## What you are asked to do
Make an exact transcript of the lines in the data below, starting with the one containing "Lilly Wachowski’s Brave" and going on through the one containing "The vast amount", with both included and the pictures left out.

## Study material
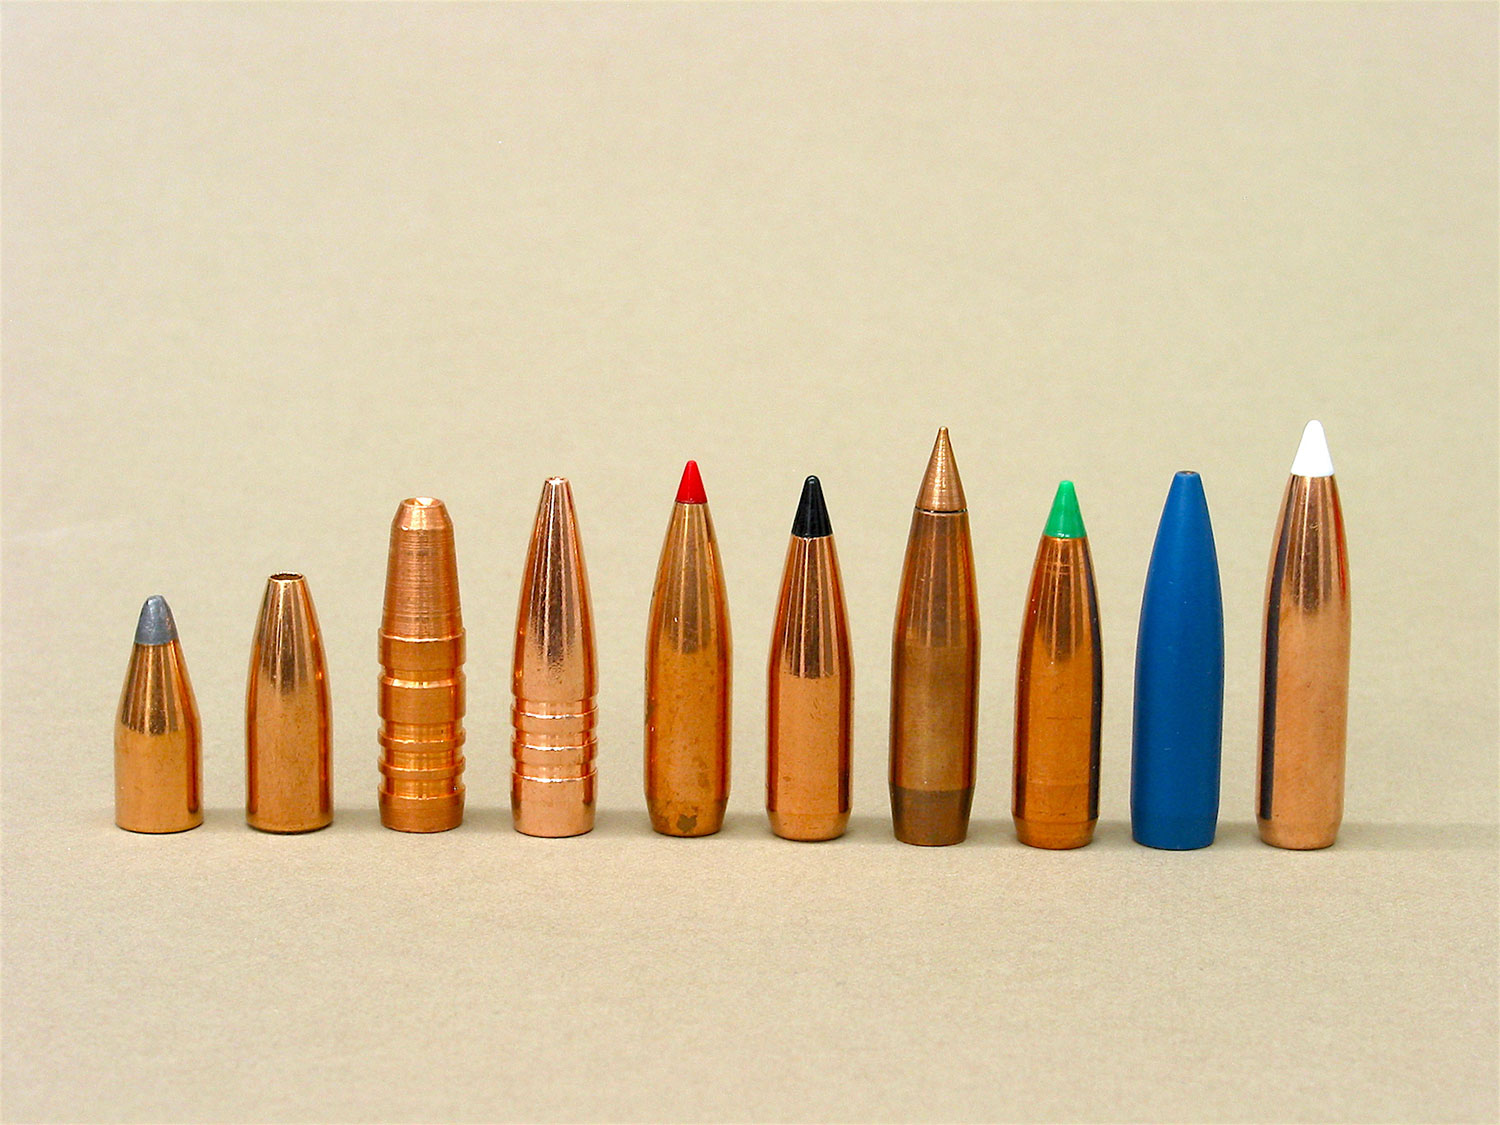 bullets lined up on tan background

...

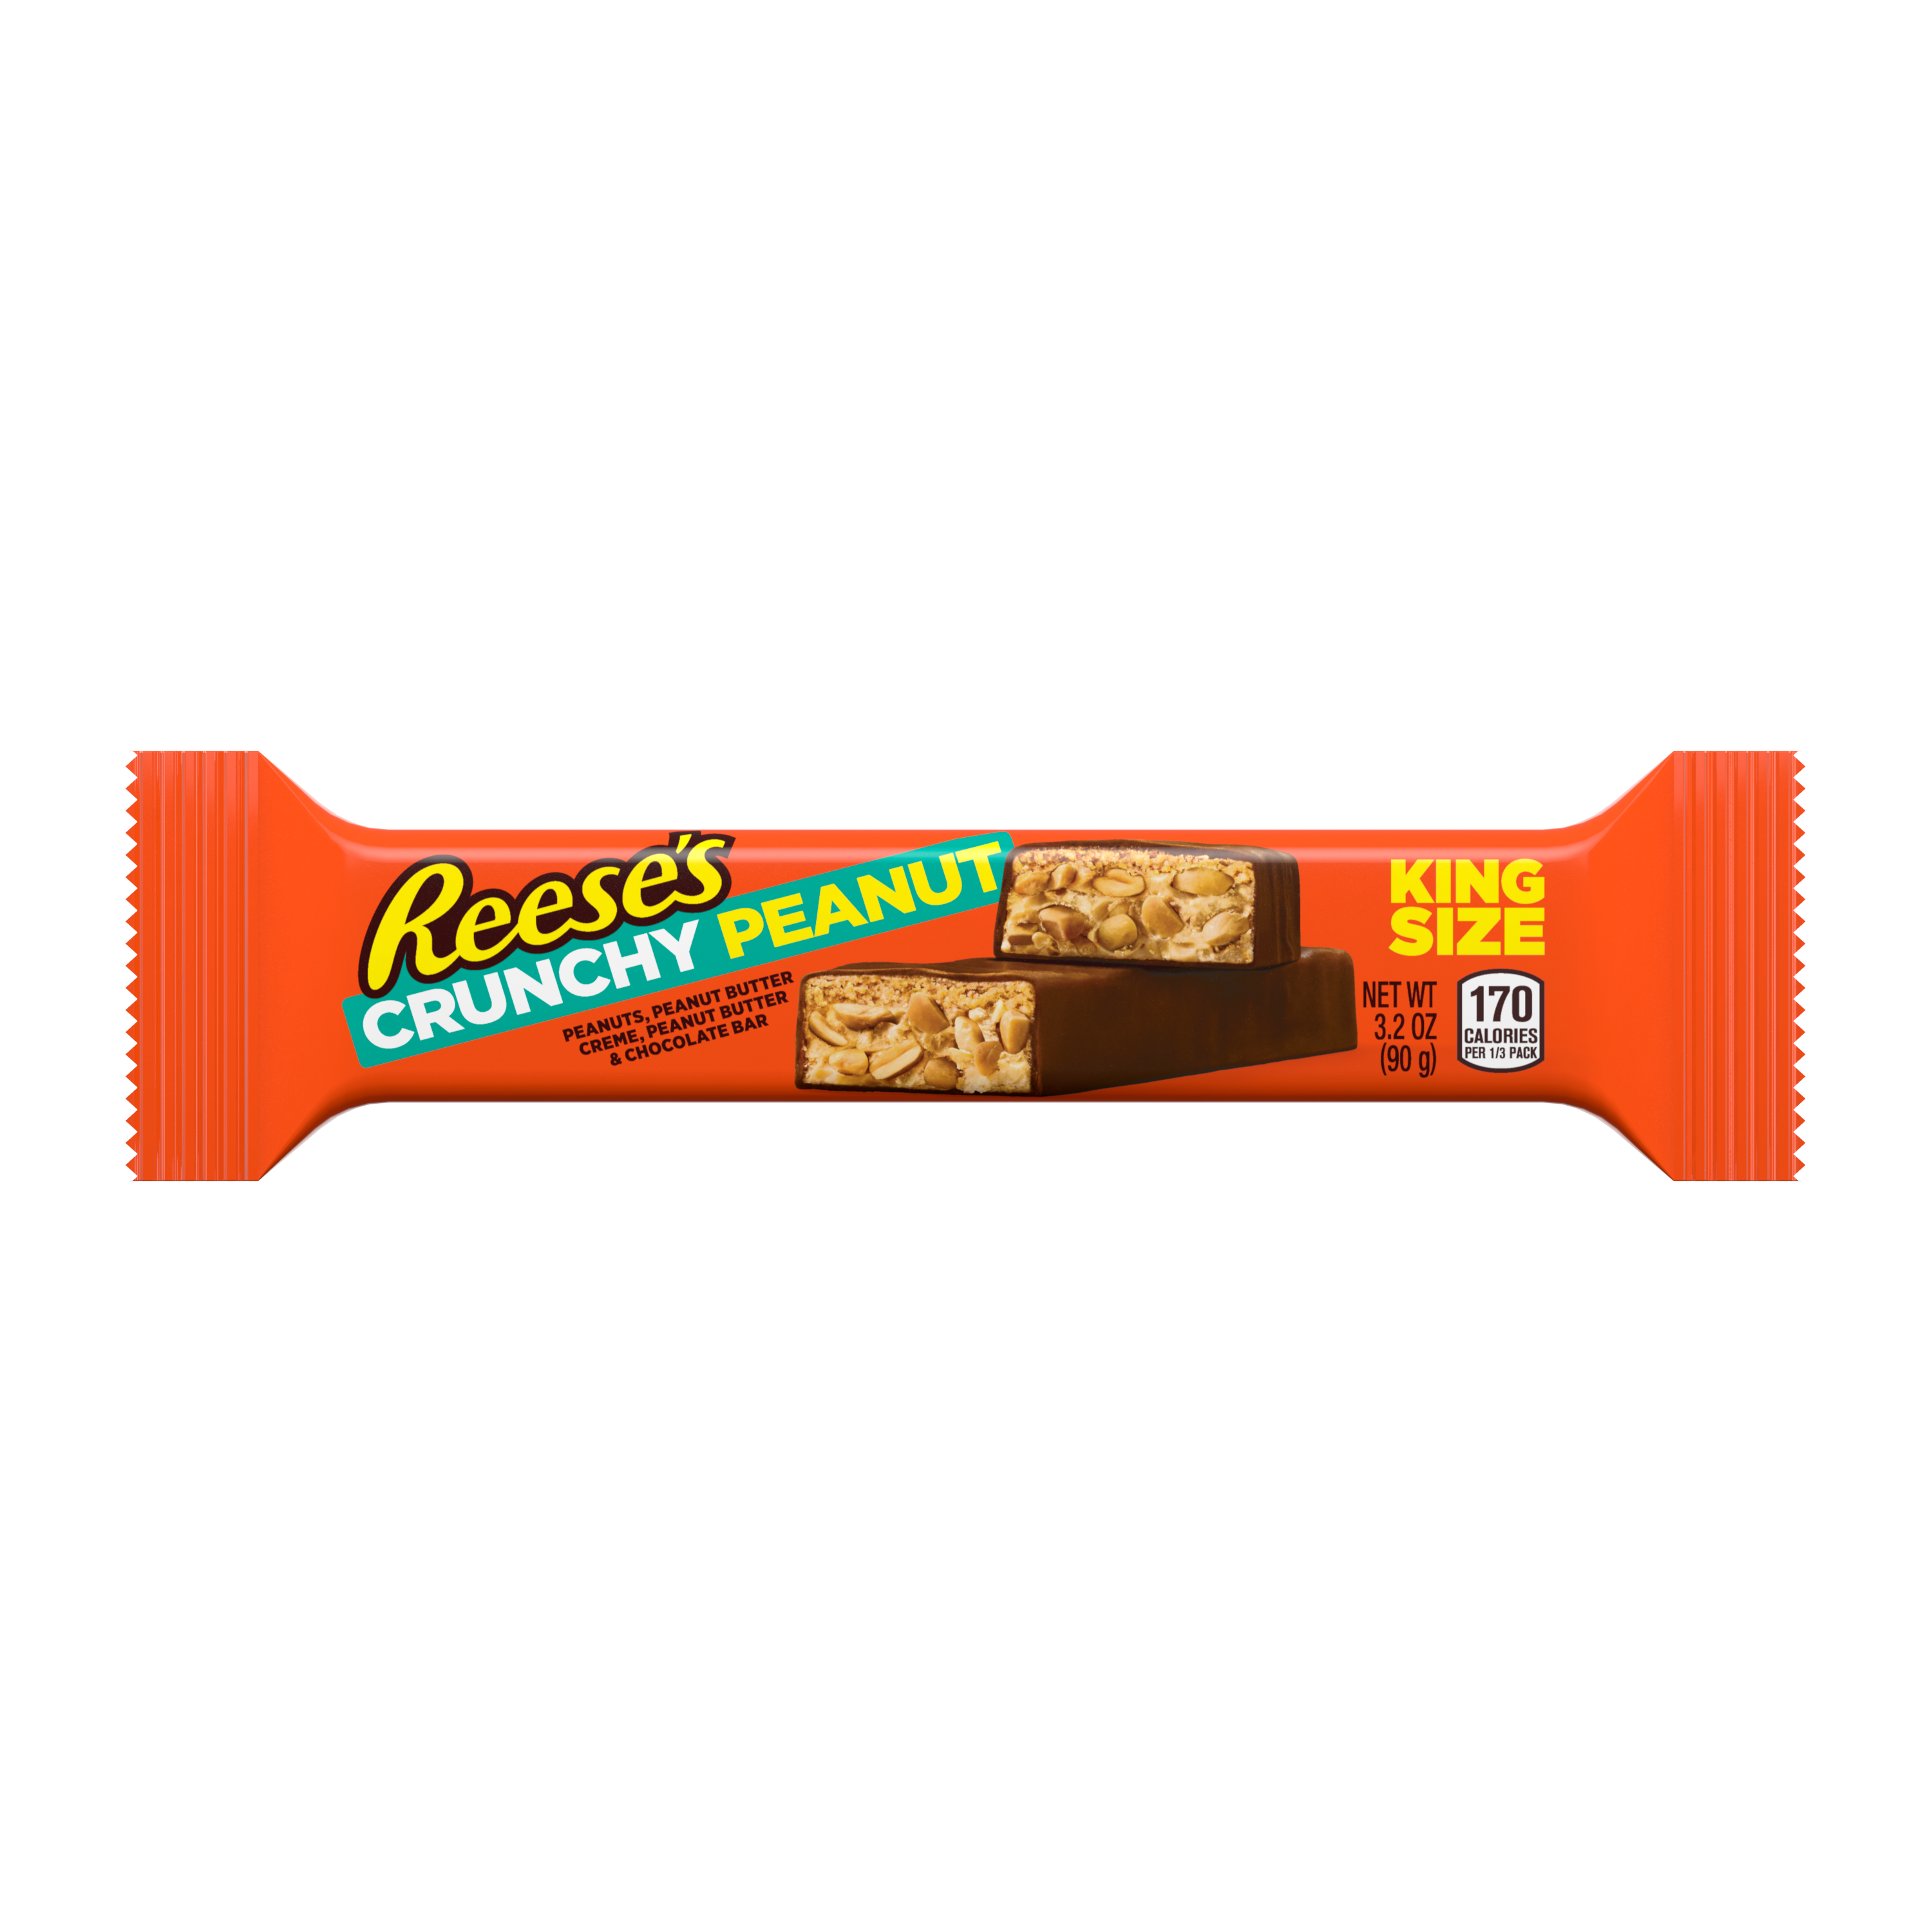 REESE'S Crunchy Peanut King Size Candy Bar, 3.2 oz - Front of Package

...

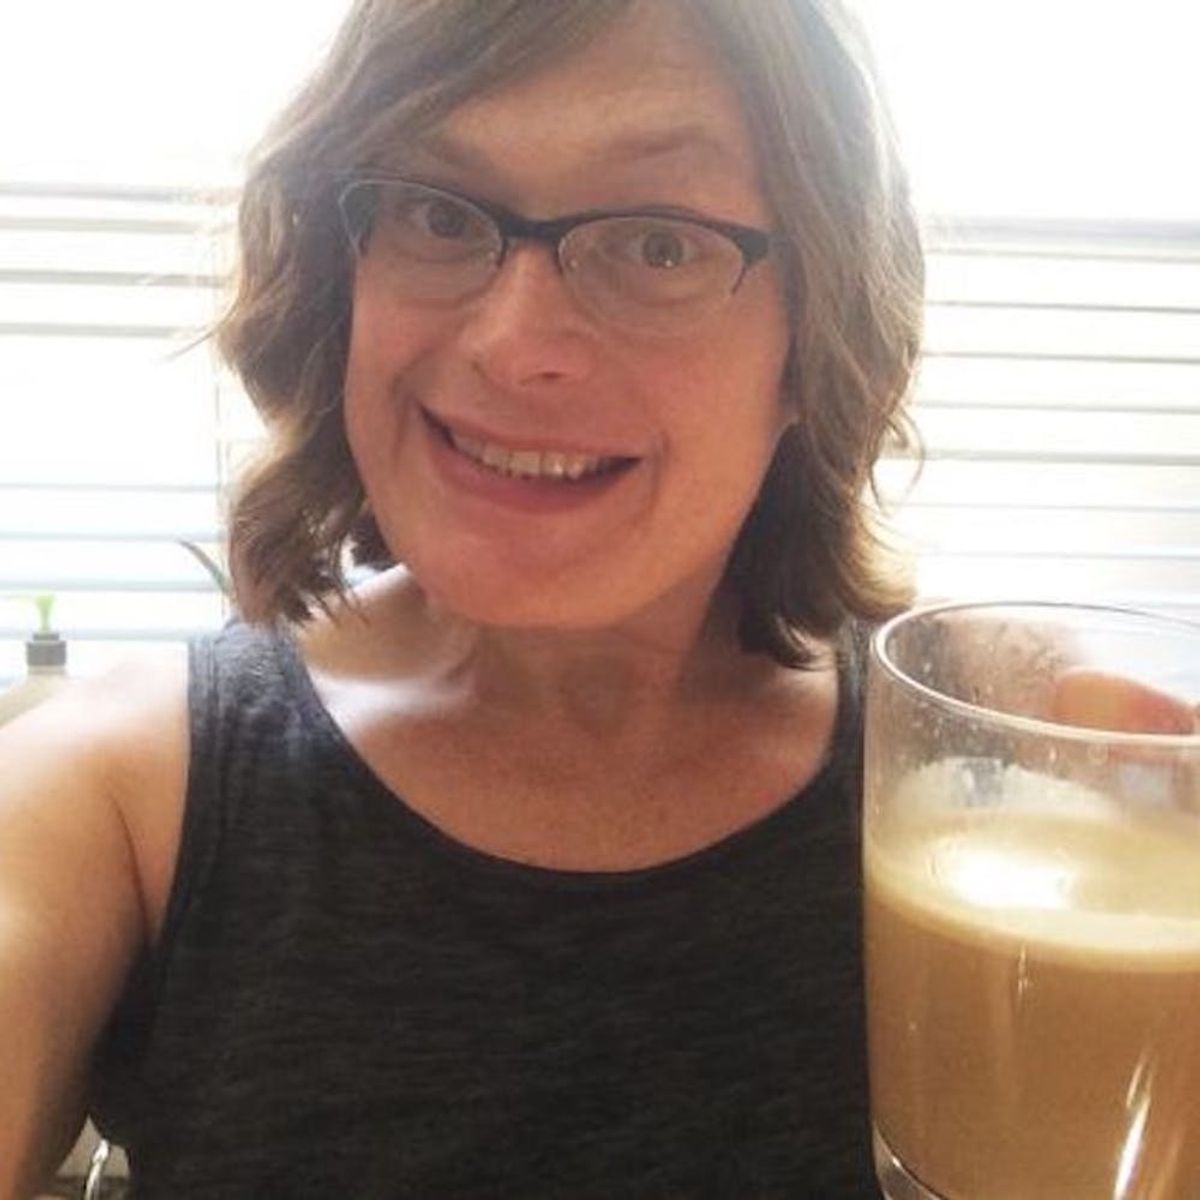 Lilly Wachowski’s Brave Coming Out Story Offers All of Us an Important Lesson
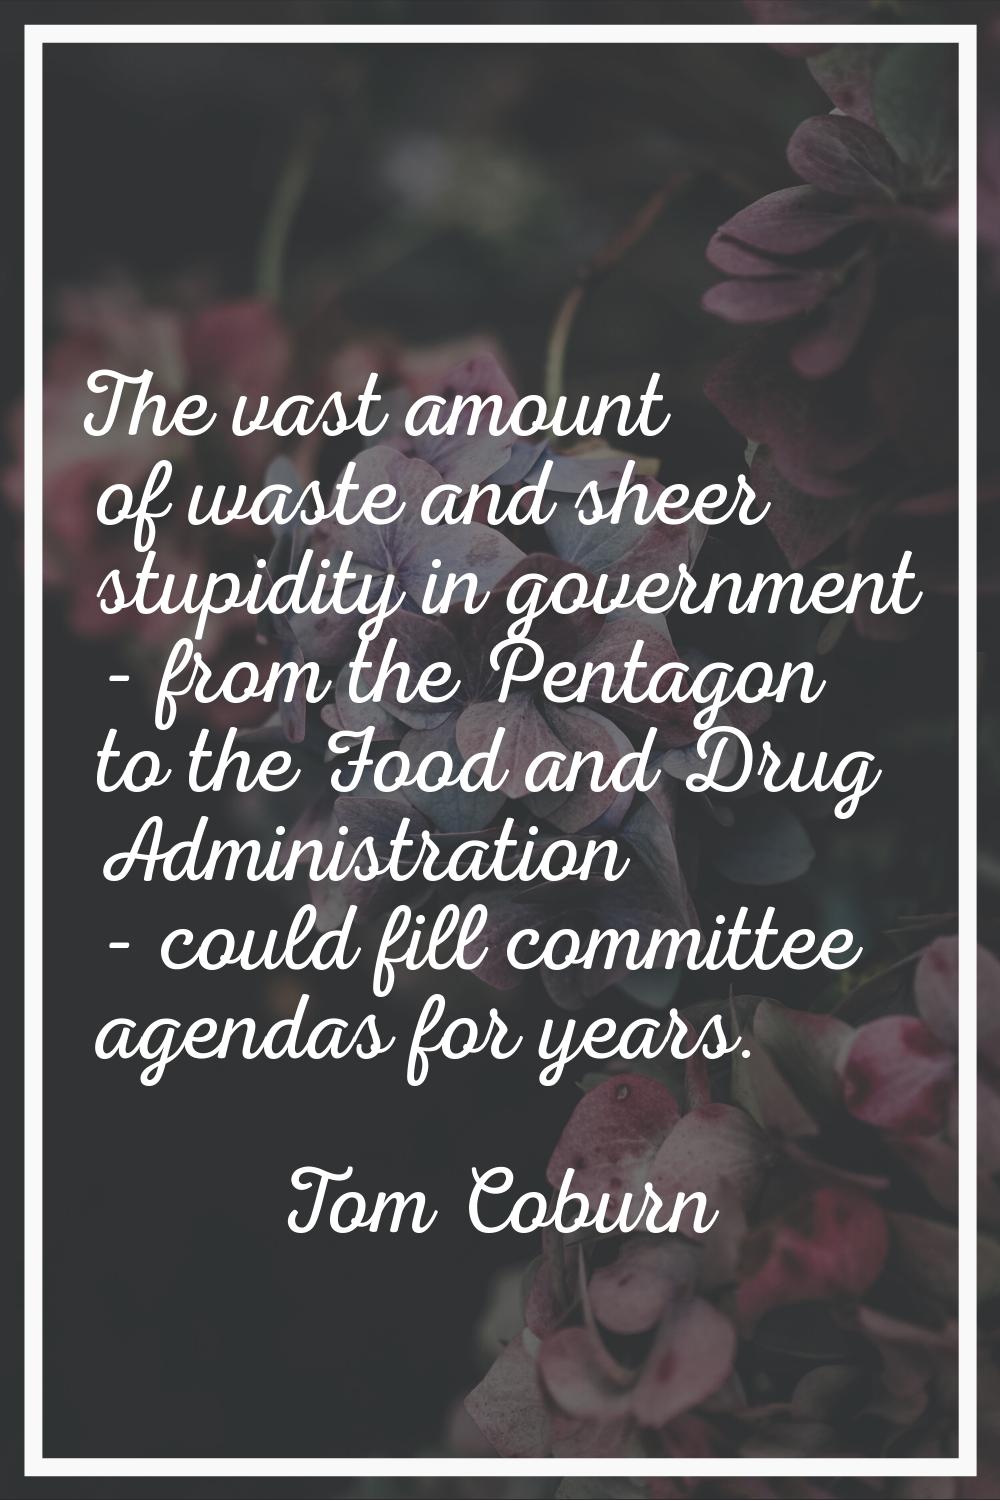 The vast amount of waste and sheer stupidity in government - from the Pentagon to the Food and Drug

## Answer to this task
 Lilly Wachowski’s Brave Coming Out Story Offers All of Us an Important Lesson
 The vast amount of waste and sheer stupidity in government - from the Pentagon to the Food and Drug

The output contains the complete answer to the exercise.